Member of the Mississippi State Senate from the 29th district
- In office 1917 – January 19, 1927
- Preceded by: Van Buren Boddie

Personal details
- Born: October 15, 1870 Oxford, Mississippi
- Died: January 19, 1927 (aged 56) Greenville, Mississippi
- Party: Democratic

= Walton Shields =

American lawyer

Walton Shields (October 15, 1870 - January 19, 1927) was an American politician and lawyer. He was a member of the Mississippi State Senate from 1917 to his death in 1927.

== Biography ==
Walton Shields was born on October 15, 1870, in Oxford, Mississippi. He was the son of John Whitfield Shields and Sallie (Walton) Shields.
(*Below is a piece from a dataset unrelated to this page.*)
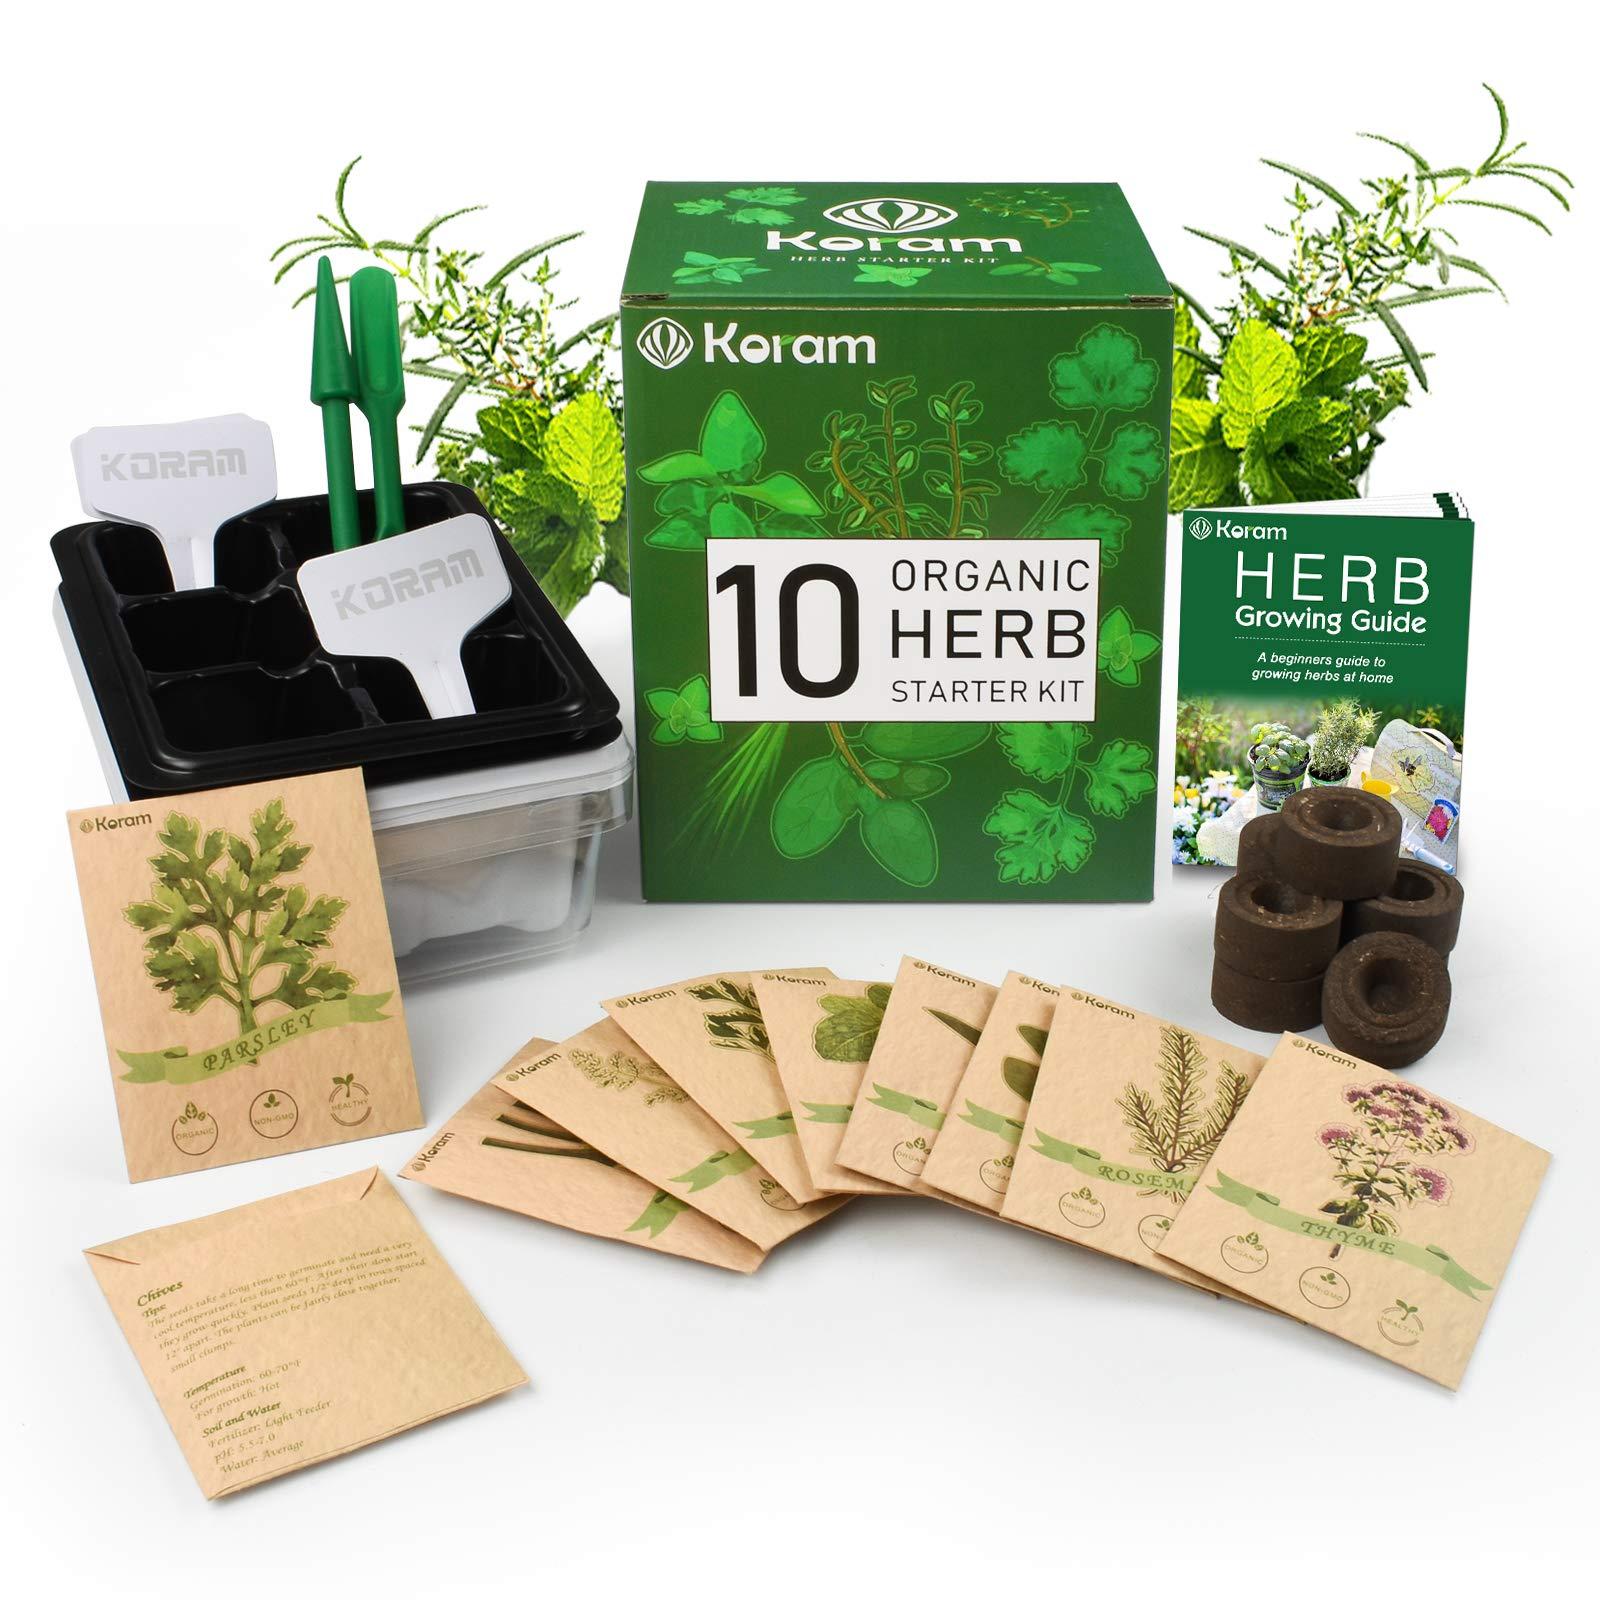 KORAM Herb Garden Kit Growing Kit Gardening Starter Set- 10 Herbs Grow from Organic Seeds Indoor Herb Kit with Everything a Gardener Needs for Growing Herbs Indoors, Kitchen, Balcony, Window Sill by KORAM

Shields attended the public and private schools of Greenville, Mississippi. He then attended the University of Mississippi and received his B. P. degree in 1889 and L. L. B. degree in 1890. He began practicing law in Greenville in 1891. In 1891, Shields also served as District Attorney. In 1898, after the Spanish-American War was declared, he enlisted as a private in Company C of the Second Mississippi Infantry. By the time he was mustered out in 1901, he was a Captain of the Fifth United States volunteer infantry (under Major James K. Vardaman). In 1902 and 1903, he was the mayor of Greenville, Mississippi. Shields began representing the 29th District as a Democrat in the Mississippi State Senate in the 1917 session, succeeding Van Buren Boddie in the middle of his term, and the term ended in 1920. In 1919, Shields was elected to a full term and served from 1920 to 1924. Shields was re-elected again for the 1924–1928 term. Shields died in the middle of this term, on January 19, 1927, in Greenville, Mississippi.